There were more IPOs led by women in 2021 than ever before, topping 2020’s total of four women-led public offerings, which was a record at the time. Women-helmed IPOs in 2021 included:

  • Dating app Bumble went public under Whitney Wolfe Heard in February 2021. 
  • In May 2021, health care clothing company FIGS, led by two women, held its IPO.
  • Actress Jessica Alba also took her consumer goods business The Honest Company public in May. 
  • During the same month, Vimeo CEO Anjali Sud conducted the video platform’s IPO. 
  • Clothing rental company Rent the Runway, created by Jennifer Fleis and Jennifer Hyman, went public in October 2021.

While it’s exciting to celebrate women breaking new ground, women still led a small percentage of the more than 1,000 companies that went public in 2021. I can’t stop myself from wondering: Why do so few IPOs come from companies run by women? 

“Homosocial reproduction,” says Elizabeth J. Sandler, founder and chief executive officer of executive coaching, solutions, and design company Echo Juliette, based in New York. She adds that Rosabeth Moss Kanter, a professor of leadership and strategy at Harvard Business School, created the term in 1977, and it is what still dominates business today.  

“It is the principle that we are most comfortable working with people who are socially similar to ourselves,” Sandler says. “Because corporations are run mostly by men, investors are mostly men and therefore founders of companies taken public are mostly men.”

Sandler says when the pandemic first hit and caused travel and meeting cancelations, her calendar had more than 100 meetings with investors, tech founders, and senior executives. All of them were men. 

Big challenges for women-led companies 

Other statistics bear witness to this trend: Only .64 percent of venture capital money has gone to companies with Black or Latinx women founders since 2018, according to one recent study of minority women in business. Women-led startups also consistently get under 3 percent of all venture capital funding.

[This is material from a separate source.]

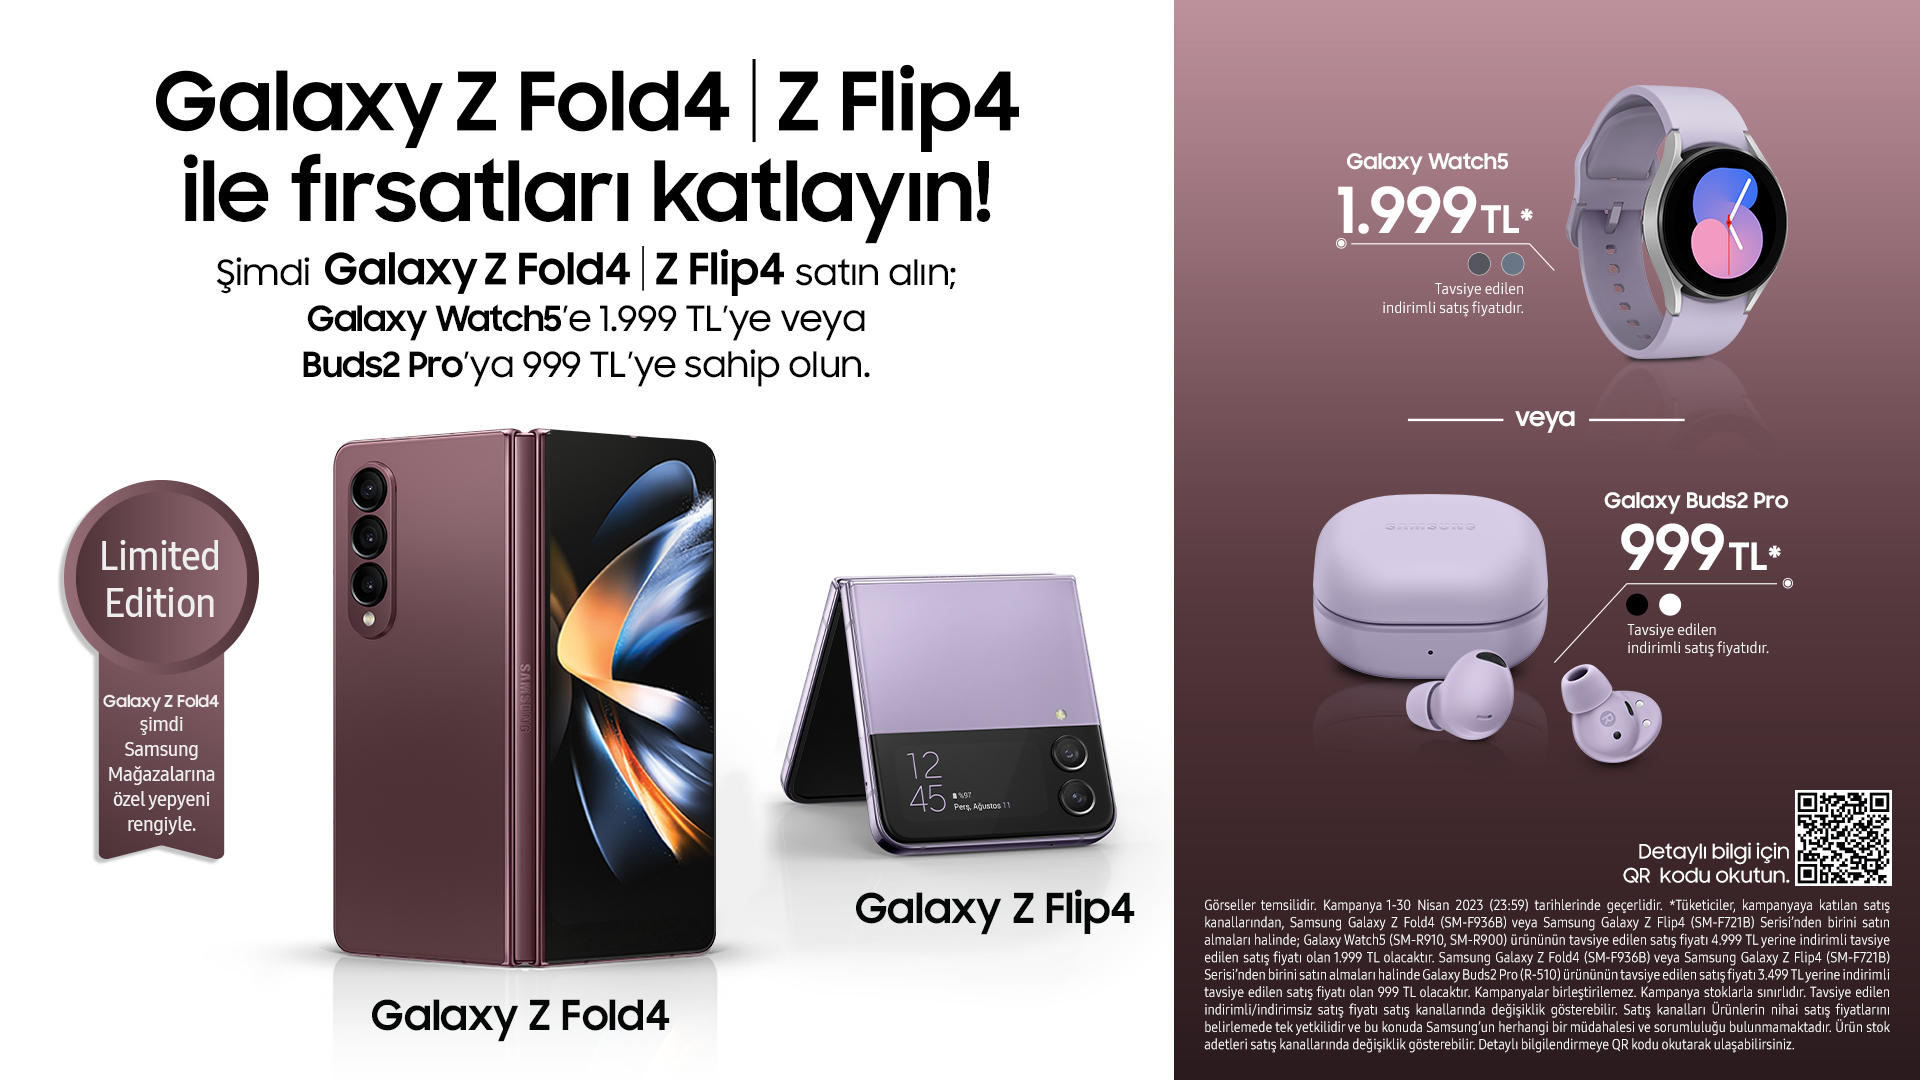 Üretkenlik ve yaratıcılığın zirvesi Galaxy Z Fold4, şimdi yeni ‘Burgundy’ renk seçeneğiyle satışta

In 2021, women start-up founders received 2% of venture capital, the smallest amount since 2016. And more generally, some women may experience a  motherhood penalty, workplace sexual harassment, which goes unreported 75 percent of the time, even the feeling some women reported to this writer about being “pushed out” by their male peers.

Still, mentoring programs, concerted efforts by companies to address gender discrimination, and, of course, incredibly talented women are helping change the game.  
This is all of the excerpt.